During the 1950s, India was so poor that even to light a fire in the house (for cooking or lighting candles/lamps), often people would have no matches and had to get a few from their neighbors’ homes. And, while they were visiting their neighbors – usually unannounced – they would often talk for several minutes if not an hour! This implicitly increased their social connection and bonding with each other. However, during the last seven decades, India has significantly advanced both economically and technologically, and although this has improved the standard of living, because of the following six reasons, it has also led to the reduction of social connections:
The gradual disintegration of the extended family structure: Until four decades ago, most Indians lived in an “extended family” structure where three to five generations of cousins would live in a single house or in houses next to each other. Since there was no Internet and even electricity was scarce, cousins as well as their parents and children would usually hang out together and discuss the events of that day. Of course, if someone was going through a rough patch, he or she could cry on not one but many shoulders. And even though there were disagreements and fights, these were dwarfed by the companionship that these siblings enjoyed. Over the years, this “extended family” structure has been replaced by a “nuclear family” structure with only parents and children living together but typically far away from their extended family.
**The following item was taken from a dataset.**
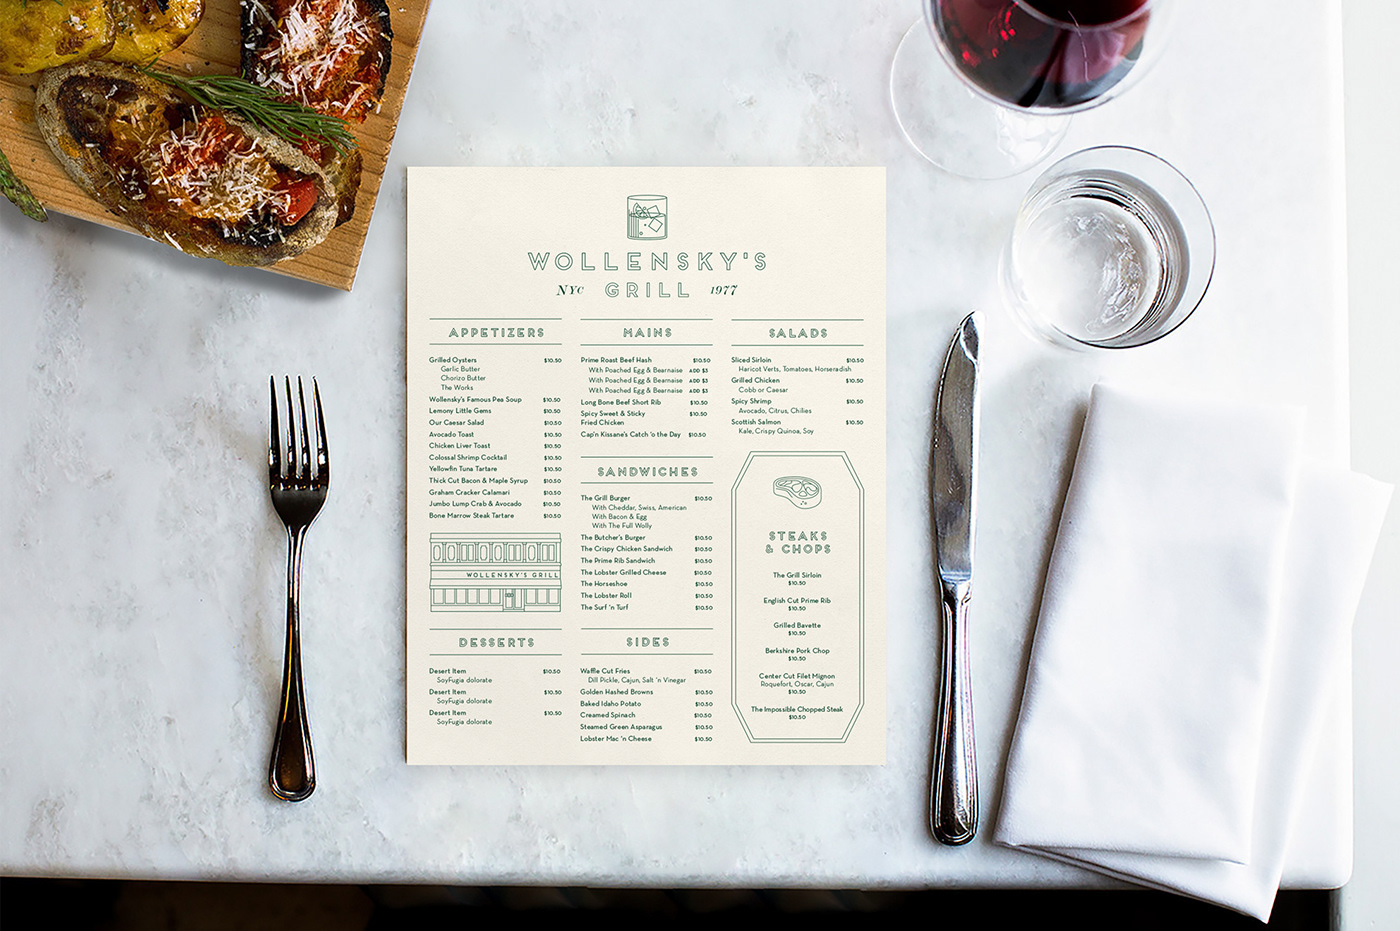 Image may contain: indoor, tableware and menu

Reduction in Total Fertility Rate: Total Fertility Rate (TFR) is the number of children that a woman would have during her lifetime. TFR in India was more than six in 1950 whereas it was around two in 2022 [3]. Hence, in the 1950s, a child had about five siblings to discuss everything but now he or she has only one. Again, siblings often fight but because “blood is thicker than water,” their love and companionship overshadow such fights, and usually they remain best friends for the rest of their lives. In [1], the authors mention that Indian Muslims seem to feel less lonely than Hindus, which may be partly because by and large the former have had a higher TFR than the latter. Finally, recent surveys have shown that a significant percentage of women in India still want to have more children but because they are working professionals and because raising kids is very costly, they choose to have only one or two.
Many elderly living alone: If the TFR of a country or society goes below 2.1, then its overall population begins to age quickly and eventually decline. Since India’s TFR is currently below 2.1, elderly people (60 or more years old) already exceed 200 million and will be about 310 million by 2050. Unfortunately, because of the declining TFR in India and because of the drastic change to a “nuclear family” structure, more than 20 million elderly people are living alone with three-quarters being single or widowed. Moreover, since many have disabilities and chronic illnesses, their social engagements have deteriorated. Hence, it is not surprising that in [1], the authors mentioned that the burden of loneliness was 44% among elderly participants.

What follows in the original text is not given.